**Work to be completed**
The answer should be an exact copy of the data.

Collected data
****************

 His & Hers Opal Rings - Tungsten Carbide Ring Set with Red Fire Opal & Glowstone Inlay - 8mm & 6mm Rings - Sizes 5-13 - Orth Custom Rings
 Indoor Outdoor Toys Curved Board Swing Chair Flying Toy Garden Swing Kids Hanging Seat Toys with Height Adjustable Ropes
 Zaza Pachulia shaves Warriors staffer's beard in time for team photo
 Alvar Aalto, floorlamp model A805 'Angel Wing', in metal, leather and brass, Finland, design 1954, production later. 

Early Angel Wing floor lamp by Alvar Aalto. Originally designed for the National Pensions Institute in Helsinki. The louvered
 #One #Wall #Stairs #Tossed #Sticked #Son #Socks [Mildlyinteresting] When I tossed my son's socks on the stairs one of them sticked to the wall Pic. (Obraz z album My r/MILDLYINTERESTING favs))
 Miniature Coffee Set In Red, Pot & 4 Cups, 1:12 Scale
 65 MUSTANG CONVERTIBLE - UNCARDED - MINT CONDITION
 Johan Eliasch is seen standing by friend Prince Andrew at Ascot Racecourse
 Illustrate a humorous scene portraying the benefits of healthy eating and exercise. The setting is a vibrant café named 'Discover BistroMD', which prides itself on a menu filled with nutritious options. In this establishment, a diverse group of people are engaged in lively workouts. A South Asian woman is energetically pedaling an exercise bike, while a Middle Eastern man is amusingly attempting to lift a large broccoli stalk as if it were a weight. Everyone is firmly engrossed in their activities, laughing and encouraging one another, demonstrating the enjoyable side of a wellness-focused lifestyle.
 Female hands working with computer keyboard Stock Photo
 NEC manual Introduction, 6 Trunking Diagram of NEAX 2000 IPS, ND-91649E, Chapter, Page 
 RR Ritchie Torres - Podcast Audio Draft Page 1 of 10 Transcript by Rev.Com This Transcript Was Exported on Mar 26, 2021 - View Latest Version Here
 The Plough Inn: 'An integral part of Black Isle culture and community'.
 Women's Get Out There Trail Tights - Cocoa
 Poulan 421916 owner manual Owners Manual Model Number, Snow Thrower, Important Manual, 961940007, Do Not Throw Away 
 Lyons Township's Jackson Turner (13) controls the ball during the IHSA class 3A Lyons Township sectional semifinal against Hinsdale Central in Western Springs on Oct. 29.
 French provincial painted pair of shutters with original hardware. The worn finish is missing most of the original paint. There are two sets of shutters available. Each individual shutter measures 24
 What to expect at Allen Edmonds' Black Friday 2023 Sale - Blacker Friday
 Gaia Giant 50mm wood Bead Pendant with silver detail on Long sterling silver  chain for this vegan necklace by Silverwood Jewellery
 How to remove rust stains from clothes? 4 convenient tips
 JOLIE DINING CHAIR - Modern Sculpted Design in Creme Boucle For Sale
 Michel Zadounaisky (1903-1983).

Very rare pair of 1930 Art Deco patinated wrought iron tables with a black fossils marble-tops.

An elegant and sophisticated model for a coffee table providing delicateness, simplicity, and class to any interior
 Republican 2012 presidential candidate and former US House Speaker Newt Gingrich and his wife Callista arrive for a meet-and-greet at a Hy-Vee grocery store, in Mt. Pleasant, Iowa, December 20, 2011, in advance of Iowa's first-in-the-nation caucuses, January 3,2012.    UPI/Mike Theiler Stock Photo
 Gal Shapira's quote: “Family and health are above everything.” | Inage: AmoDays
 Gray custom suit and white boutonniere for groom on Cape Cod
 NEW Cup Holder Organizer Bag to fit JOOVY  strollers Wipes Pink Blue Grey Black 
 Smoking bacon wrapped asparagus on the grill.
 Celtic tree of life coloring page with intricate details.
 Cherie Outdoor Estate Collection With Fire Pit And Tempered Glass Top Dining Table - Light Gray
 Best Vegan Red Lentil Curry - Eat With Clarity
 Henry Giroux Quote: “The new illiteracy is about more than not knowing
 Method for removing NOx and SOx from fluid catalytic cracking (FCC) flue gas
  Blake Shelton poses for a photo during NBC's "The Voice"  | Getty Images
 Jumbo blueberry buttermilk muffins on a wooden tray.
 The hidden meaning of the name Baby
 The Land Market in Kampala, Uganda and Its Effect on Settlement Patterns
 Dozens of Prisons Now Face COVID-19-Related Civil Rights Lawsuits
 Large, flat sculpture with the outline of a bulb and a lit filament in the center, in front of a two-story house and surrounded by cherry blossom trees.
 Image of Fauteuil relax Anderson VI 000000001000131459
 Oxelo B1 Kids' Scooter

****************

**Exercise response**
 His & Hers Opal Rings - Tungsten Carbide Ring Set with Red Fire Opal & Glowstone Inlay - 8mm & 6mm Rings - Sizes 5-13 - Orth Custom Rings
 Indoor Outdoor Toys Curved Board Swing Chair Flying Toy Garden Swing Kids Hanging Seat Toys with Height Adjustable Ropes
 Zaza Pachulia shaves Warriors staffer's beard in time for team photo
 Alvar Aalto, floorlamp model A805 'Angel Wing', in metal, leather and brass, Finland, design 1954, production later. 

Early Angel Wing floor lamp by Alvar Aalto. Originally designed for the National Pensions Institute in Helsinki. The louvered
 #One #Wall #Stairs #Tossed #Sticked #Son #Socks [Mildlyinteresting] When I tossed my son's socks on the stairs one of them sticked to the wall Pic. (Obraz z album My r/MILDLYINTERESTING favs))
 Miniature Coffee Set In Red, Pot & 4 Cups, 1:12 Scale
 65 MUSTANG CONVERTIBLE - UNCARDED - MINT CONDITION
 Johan Eliasch is seen standing by friend Prince Andrew at Ascot Racecourse
 Illustrate a humorous scene portraying the benefits of healthy eating and exercise. The setting is a vibrant café named 'Discover BistroMD', which prides itself on a menu filled with nutritious options. In this establishment, a diverse group of people are engaged in lively workouts. A South Asian woman is energetically pedaling an exercise bike, while a Middle Eastern man is amusingly attempting to lift a large broccoli stalk as if it were a weight. Everyone is firmly engrossed in their activities, laughing and encouraging one another, demonstrating the enjoyable side of a wellness-focused lifestyle.
 Female hands working with computer keyboard Stock Photo
 NEC manual Introduction, 6 Trunking Diagram of NEAX 2000 IPS, ND-91649E, Chapter, Page 
 RR Ritchie Torres - Podcast Audio Draft Page 1 of 10 Transcript by Rev.Com This Transcript Was Exported on Mar 26, 2021 - View Latest Version Here
 The Plough Inn: 'An integral part of Black Isle culture and community'.
 Women's Get Out There Trail Tights - Cocoa
 Poulan 421916 owner manual Owners Manual Model Number, Snow Thrower, Important Manual, 961940007, Do Not Throw Away 
 Lyons Township's Jackson Turner (13) controls the ball during the IHSA class 3A Lyons Township sectional semifinal against Hinsdale Central in Western Springs on Oct. 29.
 French provincial painted pair of shutters with original hardware. The worn finish is missing most of the original paint. There are two sets of shutters available. Each individual shutter measures 24
 What to expect at Allen Edmonds' Black Friday 2023 Sale - Blacker Friday
 Gaia Giant 50mm wood Bead Pendant with silver detail on Long sterling silver  chain for this vegan necklace by Silverwood Jewellery
 How to remove rust stains from clothes? 4 convenient tips
 JOLIE DINING CHAIR - Modern Sculpted Design in Creme Boucle For Sale
 Michel Zadounaisky (1903-1983).

Very rare pair of 1930 Art Deco patinated wrought iron tables with a black fossils marble-tops.

An elegant and sophisticated model for a coffee table providing delicateness, simplicity, and class to any interior
 Republican 2012 presidential candidate and former US House Speaker Newt Gingrich and his wife Callista arrive for a meet-and-greet at a Hy-Vee grocery store, in Mt. Pleasant, Iowa, December 20, 2011, in advance of Iowa's first-in-the-nation caucuses, January 3,2012.    UPI/Mike Theiler Stock Photo
 Gal Shapira's quote: “Family and health are above everything.” | Inage: AmoDays
 Gray custom suit and white boutonniere for groom on Cape Cod
 NEW Cup Holder Organizer Bag to fit JOOVY  strollers Wipes Pink Blue Grey Black 
 Smoking bacon wrapped asparagus on the grill.
 Celtic tree of life coloring page with intricate details.
 Cherie Outdoor Estate Collection With Fire Pit And Tempered Glass Top Dining Table - Light Gray
 Best Vegan Red Lentil Curry - Eat With Clarity
 Henry Giroux Quote: “The new illiteracy is about more than not knowing
 Method for removing NOx and SOx from fluid catalytic cracking (FCC) flue gas
  Blake Shelton poses for a photo during NBC's "The Voice"  | Getty Images
 Jumbo blueberry buttermilk muffins on a wooden tray.
 The hidden meaning of the name Baby
 The Land Market in Kampala, Uganda and Its Effect on Settlement Patterns
 Dozens of Prisons Now Face COVID-19-Related Civil Rights Lawsuits
 Large, flat sculpture with the outline of a bulb and a lit filament in the center, in front of a two-story house and surrounded by cherry blossom trees.
 Image of Fauteuil relax Anderson VI 000000001000131459
 Oxelo B1 Kids' Scooter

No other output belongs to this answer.